Medicare payments to physicians jumped 15 percent last year, an unexpectedly large increase that prompted Bush administration officials yesterday to announce that monthly premiums for America's seniors will rise to $89.20 in 2006, $1.50 more than initially projected.
The unusually sharp spike was caused primarily by lengthier office visits, more complex imaging such as MRI scans and doctors administering more lab tests and treatments in their offices instead of at a hospital.
"There's no question many of these things can help prevent complications of serious chronic diseases and keep patients out of the hospital," said Mark B. McClellan, administrator of the Centers for Medicare & Medicaid Services. But he expressed concern that that is not the case in every instance.

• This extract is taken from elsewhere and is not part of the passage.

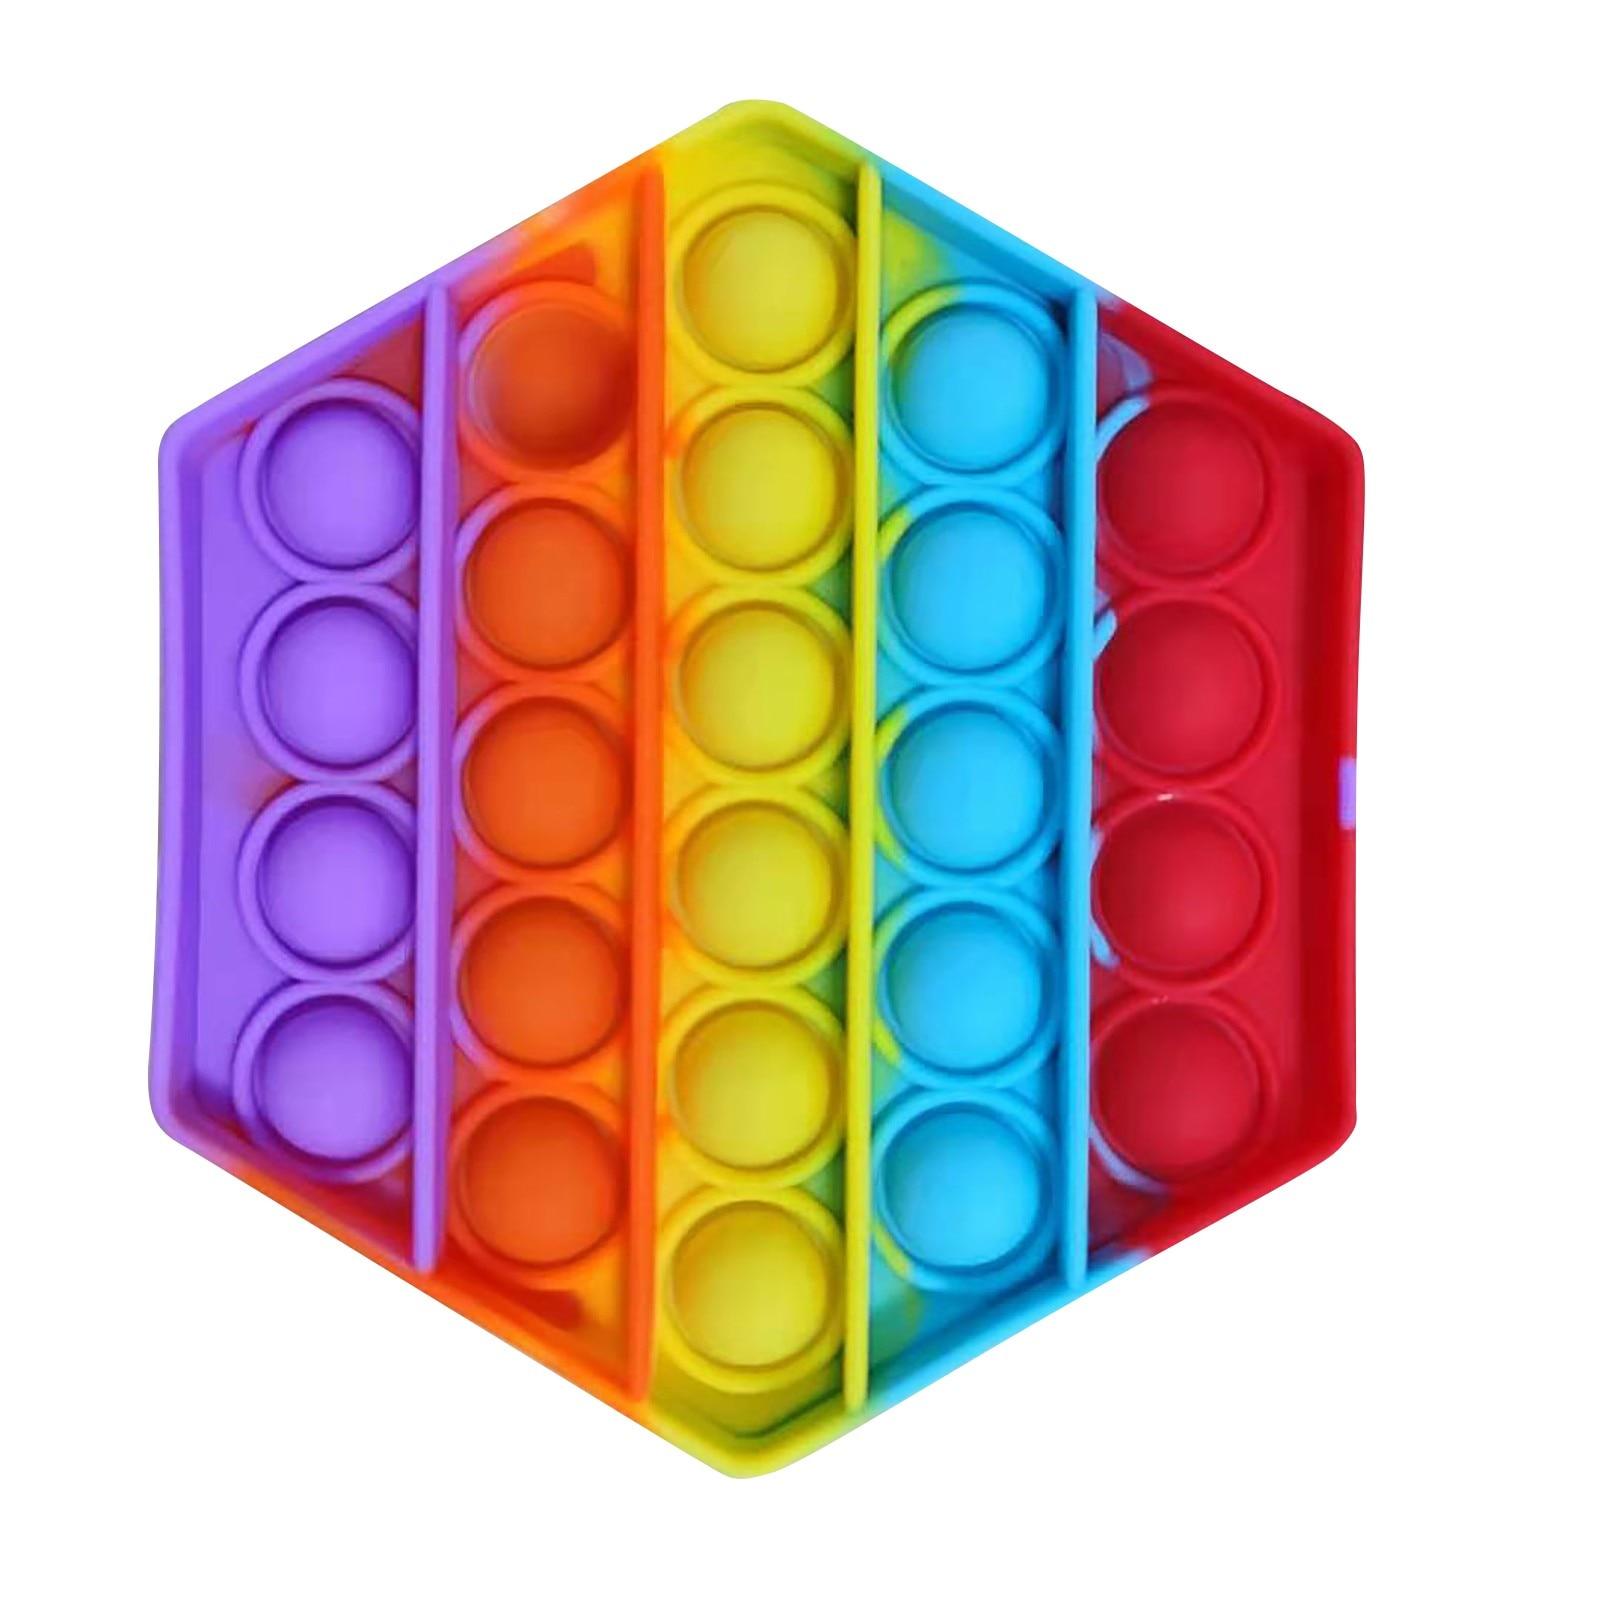 Sensory Toy Stress-Toys Fidget Reliver Rainbow-Push Children Adult It img2
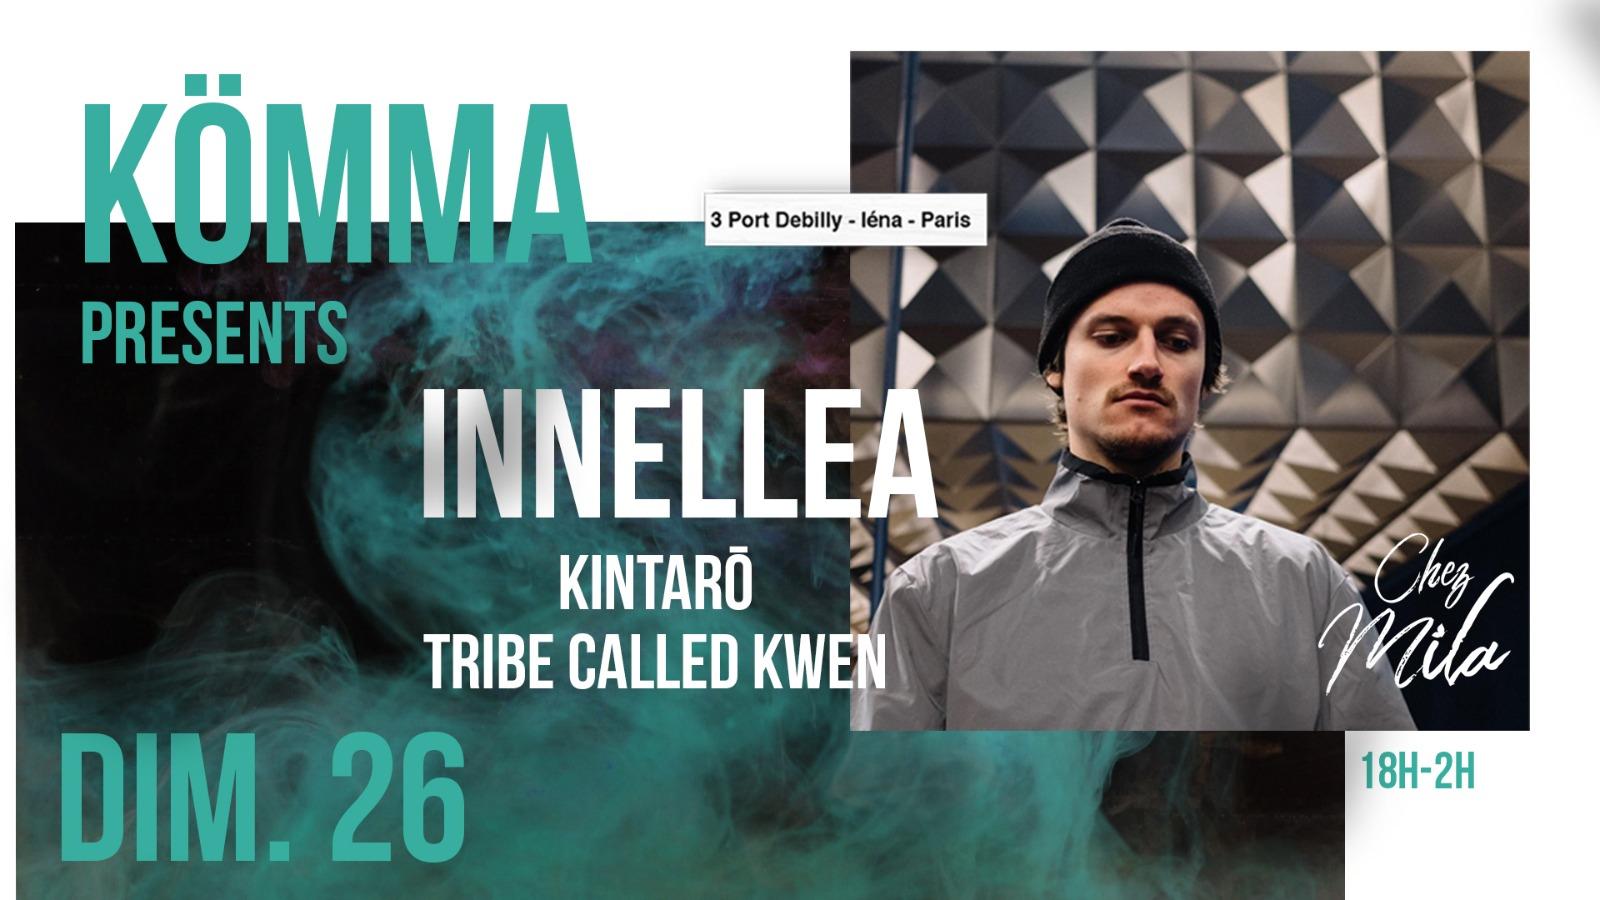 KÖMMA Paris x Chez Mila presents : Innellea (Afterlife)

The CMS laid out the costs in a letter yesterday to the Medicare Payment Advisory Commission.
Monthly premiums for Medicare Part B, which covers outpatient services, were $66.60 last year and rose to $78.20 for 2005. In its March 23 report, the Medicare Board of Trustees projected an increase of $9.50 a month, but it now will be $11.
With increased demand and scheduled reductions in the fees Medicare pays physicians, the American Medical Association warned yesterday that doctors may think twice before taking Medicare patients.
"These cuts pose a serious threat to access to care for seniors," said AMA board Chairman J. James Rohack. "No senior citizen should have to worry whether their physician can afford to accept Medicare patients."
Last year, Congress rescinded a proposed cut in physician payments. But the rates are slated to be trimmed by 4.3 percent next year and by as much as 26 percent through 2011.
As is the case in the private sector, Medicare spending has been rising steadily for the past several years, and its long-term financial solvency is in doubt, according to its board of trustees. Yesterday's analysis related only to outpatient expenditures.
In a conference call with reporters, McClellan stressed his alarm over the spending figures and said he intends to find ways to steer doctors toward proven, cost-effective treatments. "This is a big increase that has an impact on both beneficiaries and taxpayers," he said.
CMS analysts found that many retirees are seeing doctors more often and for longer periods of time. Payments have been rising for minor treatments such as physical therapy, as well as for injectable medications such as chemotherapy. Government spending for physician services rose from $76.7 billion in 2003 to $88.3 billion last year.
Some increase in volume can be good, said Glenn M. Hackbarth, chair of the Medicare Payment Advisory Commission, "but some are not so good." The independent commission, which advises Congress on Medicare, has been pressing for a "pay-for-performance" system that would reward doctors who follow evidence-based treatment guidelines.
The AMA defended the increases, and warned that technological breakthroughs and an aging population will continue to create greater demand.
"Conditions that once required hospitalization now are routinely treated in physicians' offices at a lower cost to the government and patients," Rohack said. "Medicare should recognize and reward these advances rather than penalize physicians for these important improvements in patient care."
Some lawmakers have accused President Bush of focusing on Social Security at the expense of Medicare.
"Medicare's financial outlook has deteriorated dramatically over the past five years and is now much worse than Social Security's," the trustees concluded in their March 23 report. They project that the Medicare Trust Fund will be exhausted by 2020.